• Brief
Reproduce word for word the line holding "A vintage polished" and all lines after it in the data, through the end, leaving out pictures.

• Dataset extract
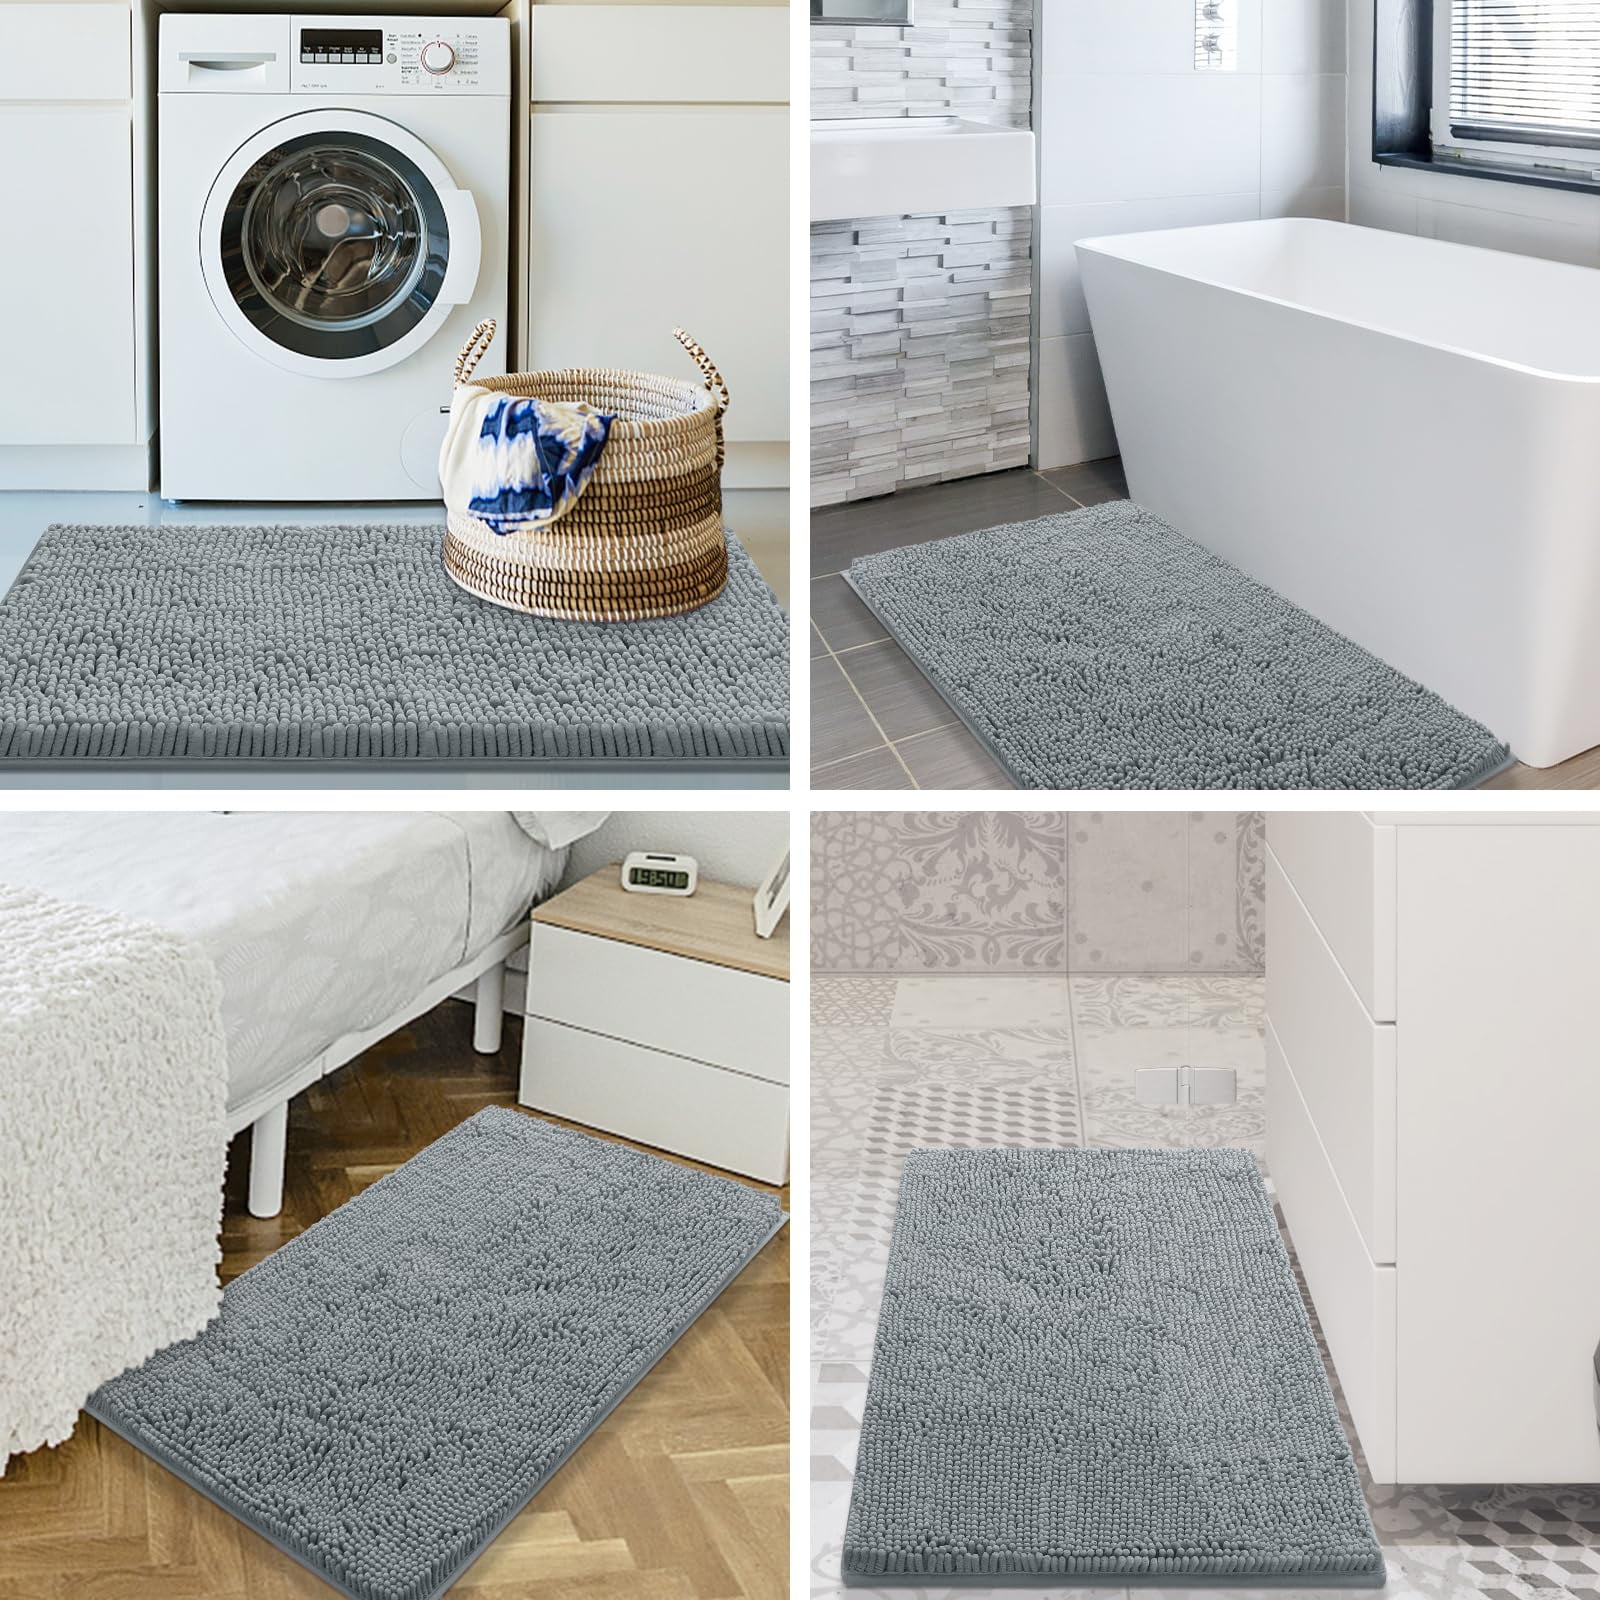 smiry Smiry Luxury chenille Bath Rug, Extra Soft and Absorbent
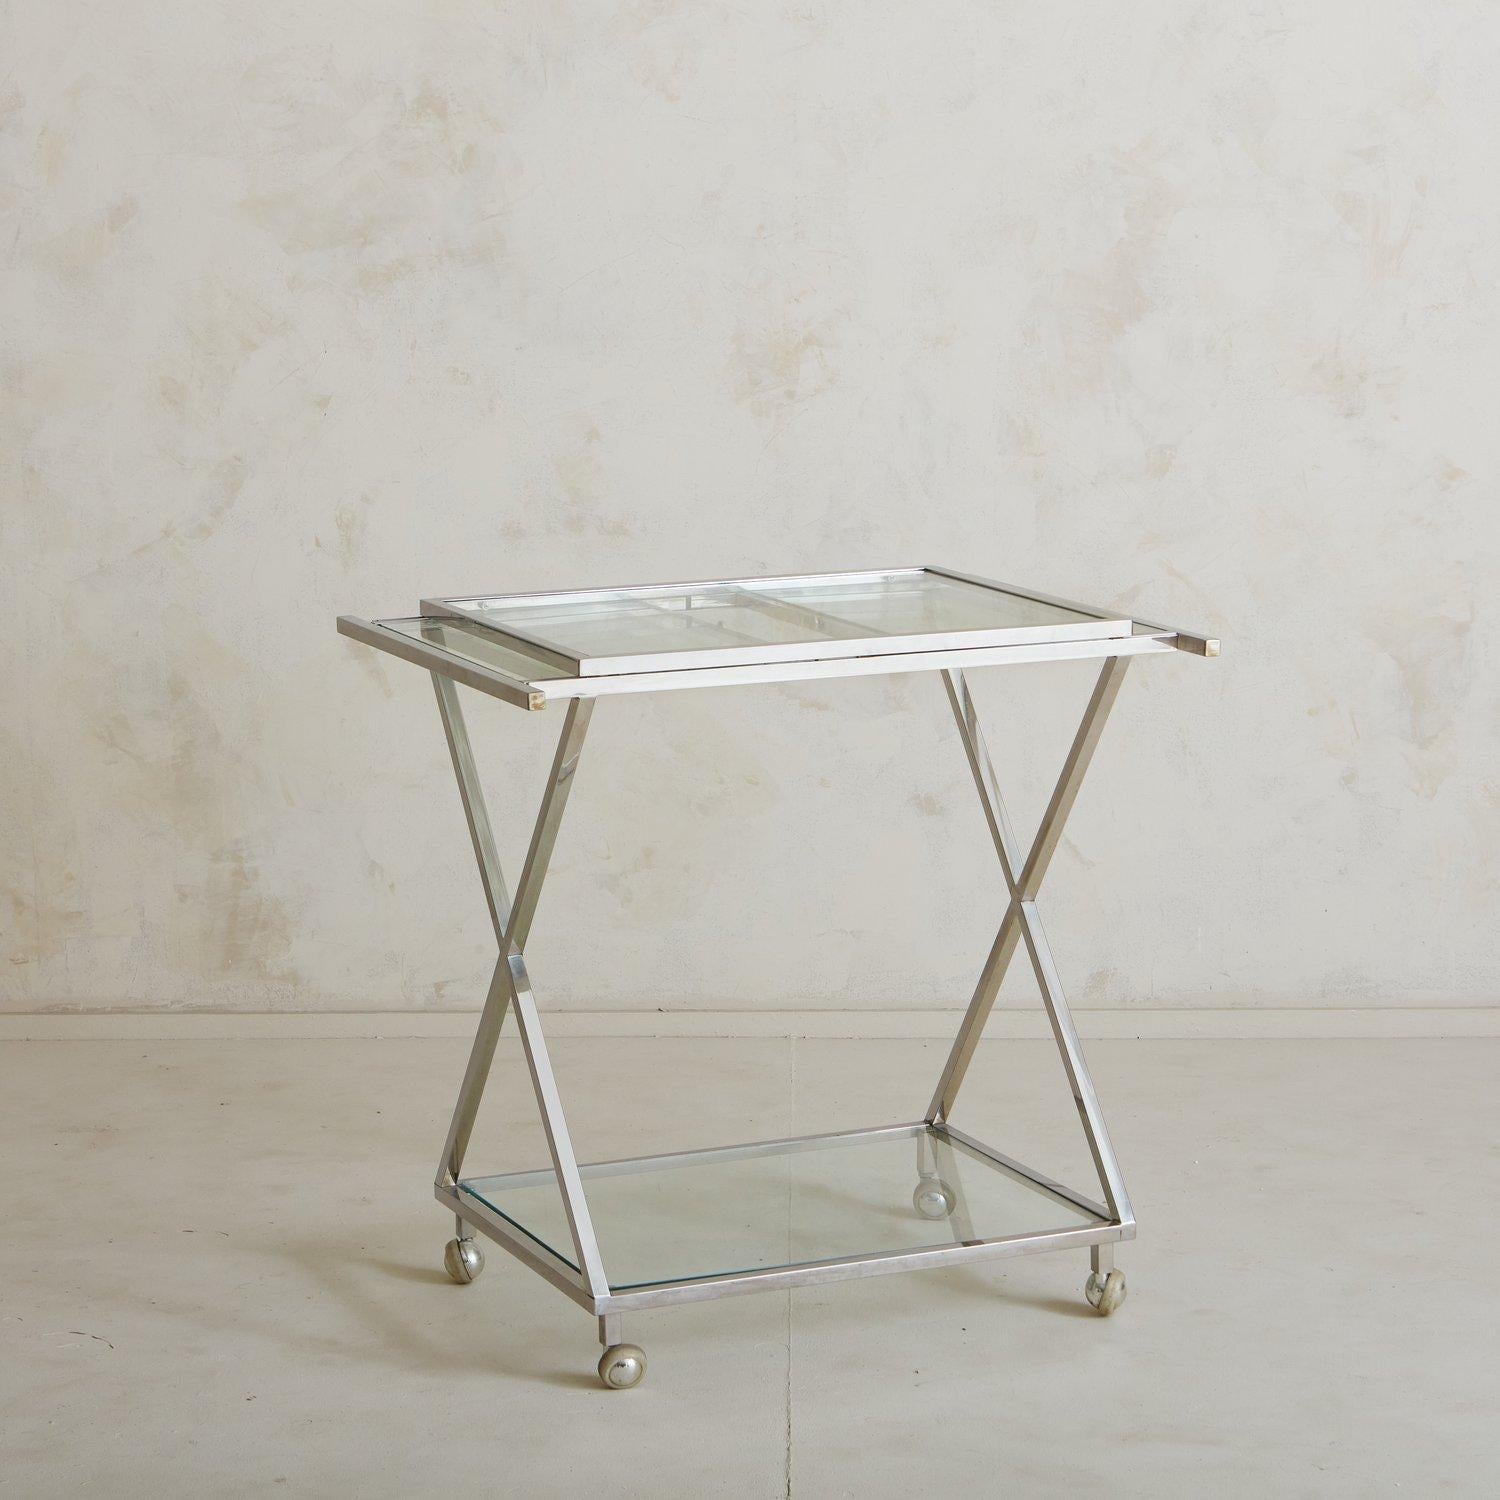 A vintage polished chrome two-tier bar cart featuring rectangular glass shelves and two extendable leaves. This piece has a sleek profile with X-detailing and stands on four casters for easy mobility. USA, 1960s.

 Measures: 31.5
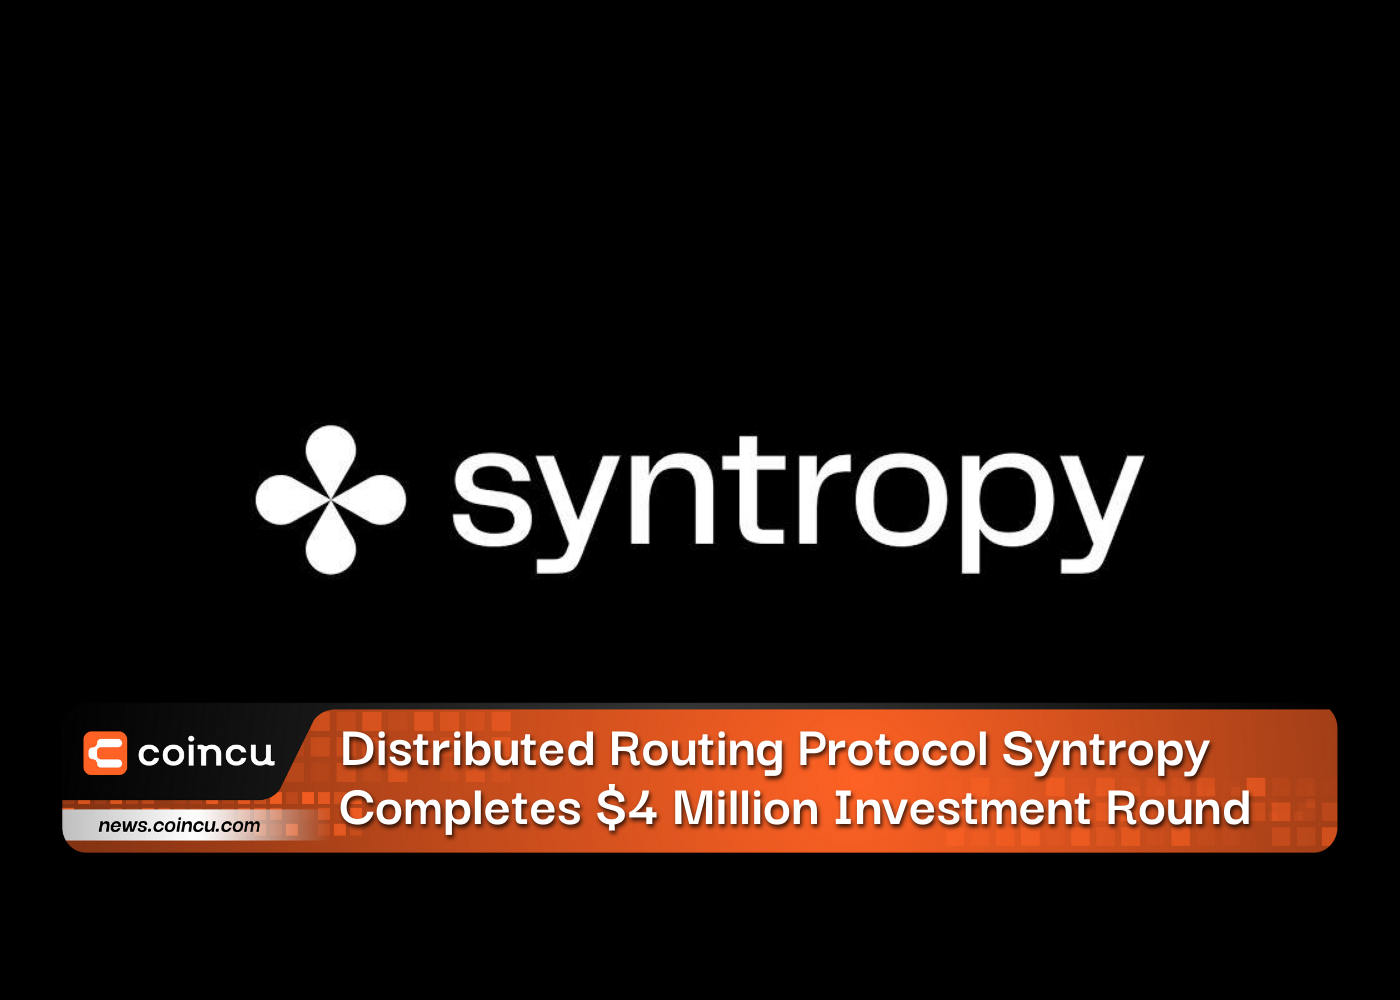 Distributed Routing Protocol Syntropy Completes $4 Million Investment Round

• Response for this exercise
 A vintage polished chrome two-tier bar cart featuring rectangular glass shelves and two extendable leaves. This piece has a sleek profile with X-detailing and stands on four casters for easy mobility. USA, 1960s.

 Measures: 31.5
 Distributed Routing Protocol Syntropy Completes $4 Million Investment Round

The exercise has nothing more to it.